Un altro argomento piuttosto complesso  che trova sempre maggior diffusione è la sfida bioetica. La possibilità tecnica di manipolare l’atto generativo, la libertà di singoli o di coppie non regolari di scegliere in base ai desideri personali; la conseguente dinamica delle relazioni in trasformazione;  gli ordinamenti giuridici che sono obbligati ad intervenire per regolamentare pratiche e situazioni disparate e differenziate.

In tutto questo contesto sociale in continuo subbuglio, confuso in nome della libertà e dell’individualismo più estremo, cosa può fare la Chiesa? L’impegno dei Vescovi è lodevole ma porsi domande e tracciare delle linee guida in un’Assemblea così composta, non rischia di rimanere un’attività per “addetti ai lavori”?

Mi sento particolarmente confortata dalle tenere parole di  Papa Francesco, pronunciate nella veglia di preghiera celebrata in Piazza San Pietro sabato 4 ottobre 2014 in preparazione al Sinodo sulla famiglia, sulla centralità dell’esperienza famigliare nella vita di tutti: «Scende ormai la sera sulla nostra assemblea. È l’ora in cui si fa volentieri ritorno a casa per ritrovarsi alla stessa mensa, nello spessore degli affetti, del bene compiuto e ricevuto, degli incontri che scaldano il cuore e lo fanno crescere, vino buono che anticipa nei giorni dell’uomo la festa senza tramonto. È anche l’ora più pesante per chi si ritrova a tu per tu con la propria solitudine, nel crepuscolo amaro di sogni e di progetti infranti: quante persone trascinano le giornate nel vicolo cieco della rassegnazione, dell’abbandono, se non del rancore; in quante case è venuto meno il vino della gioia e, quindi, il sapore – la sapienza stessa – della vita… Degli uni e degli altri questa sera ci facciamo voce con la nostra preghiera, una preghiera per tutti».

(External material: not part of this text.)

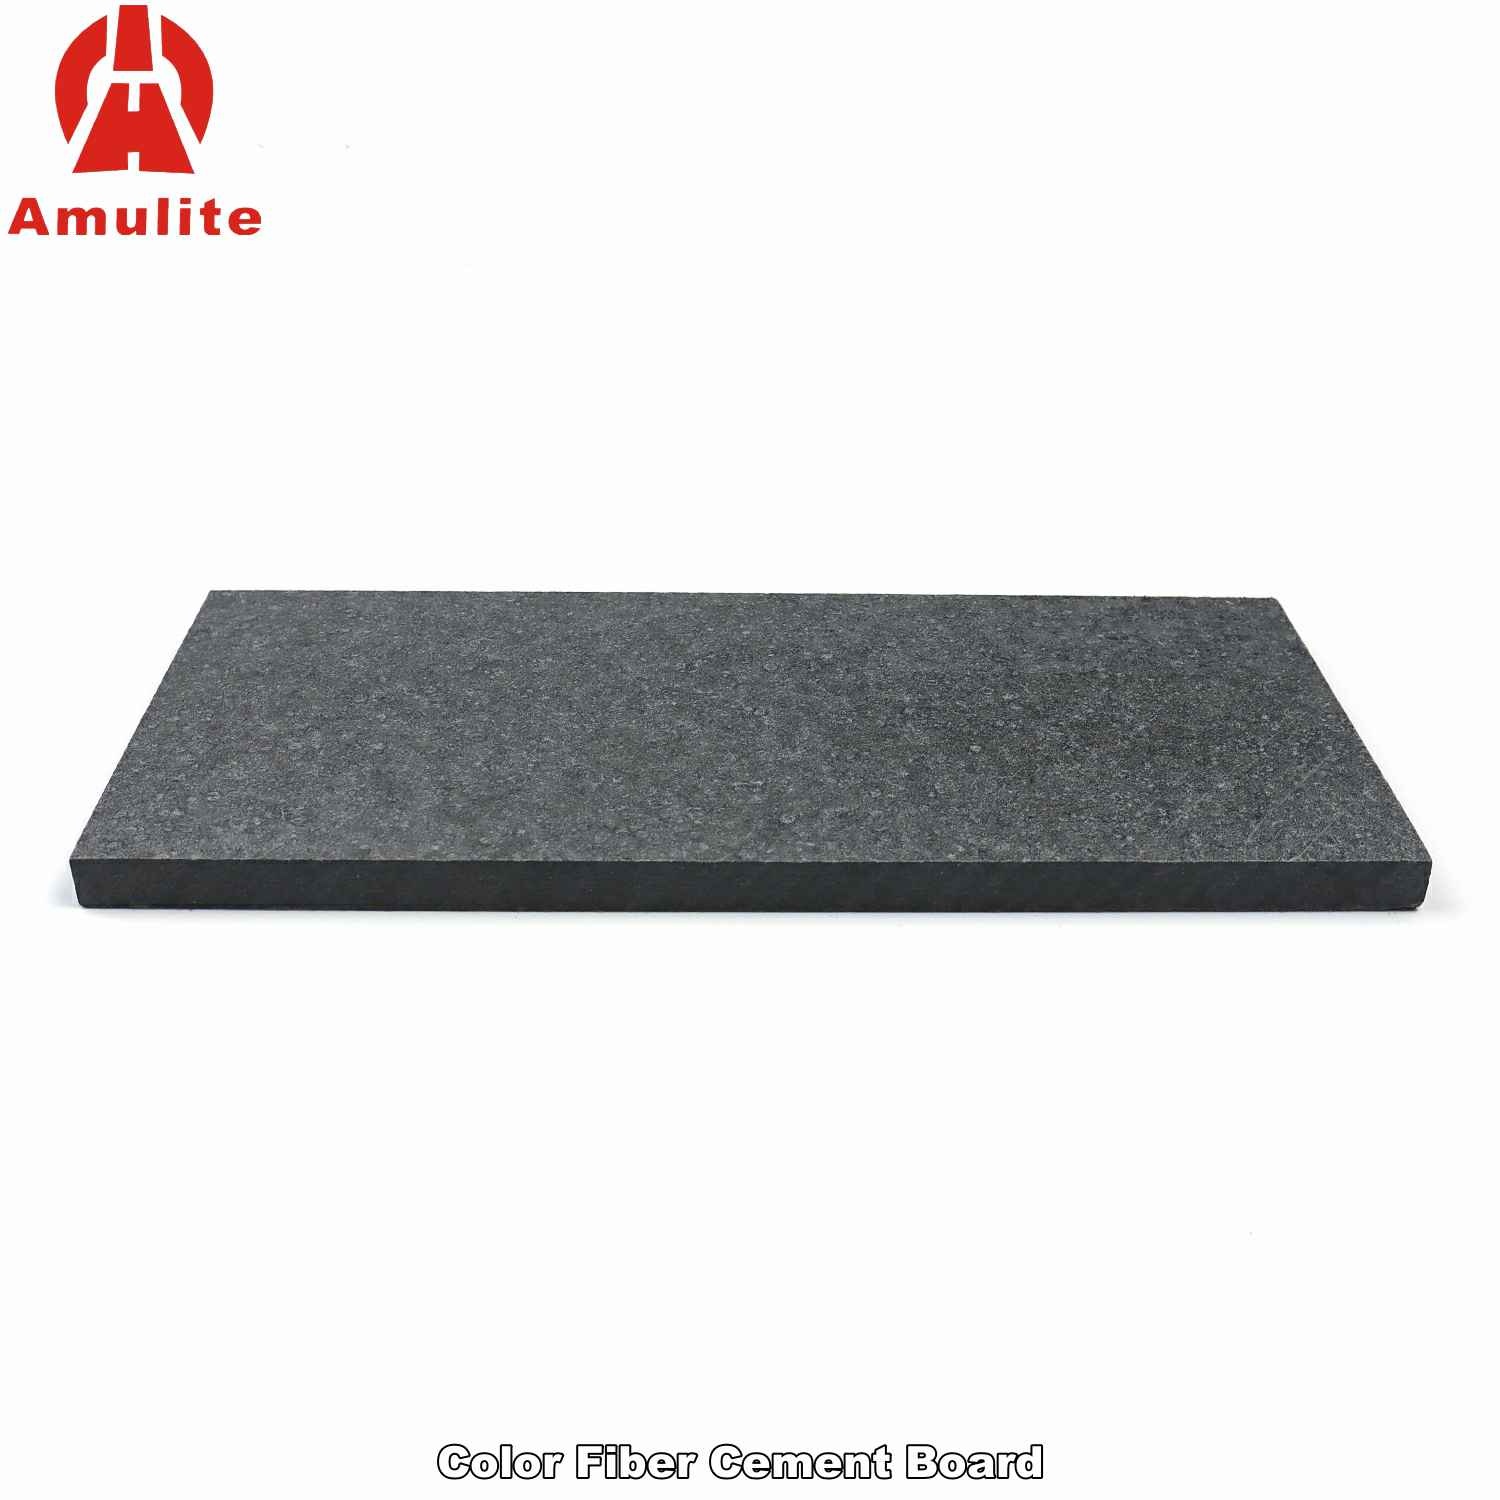 Color Fiber Cement Board (19)

Questo è molto vero, è molto umano: sentimenti, emozioni, punti fermi e poi, alla sera della vita, il vuoto e lo smarrimento  per la morte di un componente della famiglia.

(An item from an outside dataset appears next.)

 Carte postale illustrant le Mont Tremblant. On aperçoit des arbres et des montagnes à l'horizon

Ma la Chiesa, dove si trova, cosa propone alla famiglia che cresce in questa contemporaneità?

L’introduzione dell’“Instrumentum Laboris  si conclude ricordando che la famiglia è soprattutto “chiamata da Dio a prendere sempre nuova coscienza della propria identità missionaria di Chiesa domestica anch’essa “in uscita”. In un mondo spesso segnato da solitudine e tristezza, il “Vangelo della famiglia” è davvero una buona notizia”.

Questa affermazione è ancora più confortante e costruttiva e offre a tutte le famiglie cristiane una concreta prospettiva missionaria.

Il 20 settembre 2014, la nostra famiglia ha ricevuto una speciale benedizione, consacrata dai nostri amici sacerdoti della Famiglia Spirituale “Das Werk” come chiesa domestica affidata al Sacro Cuore di Gesù. E’ stato un momento molto intenso! In tutto eravamo tredici persone: liturgia della Parola, benedizione dell’immagine del Sacro Cuore, consacrazione di noi genitori e dei nostri figli, benedizione delle singole stanze, della porta di casa e  di alcuni oggetti.

Ogni Chiesa domestica che si forma deve scegliere una figura biblica o un Santo come riferimento caratterizzante il cammino di fede famigliare, deve darsi un nome e scegliere un’immagine del Sacro Cuore da porre in evidenza nella casa.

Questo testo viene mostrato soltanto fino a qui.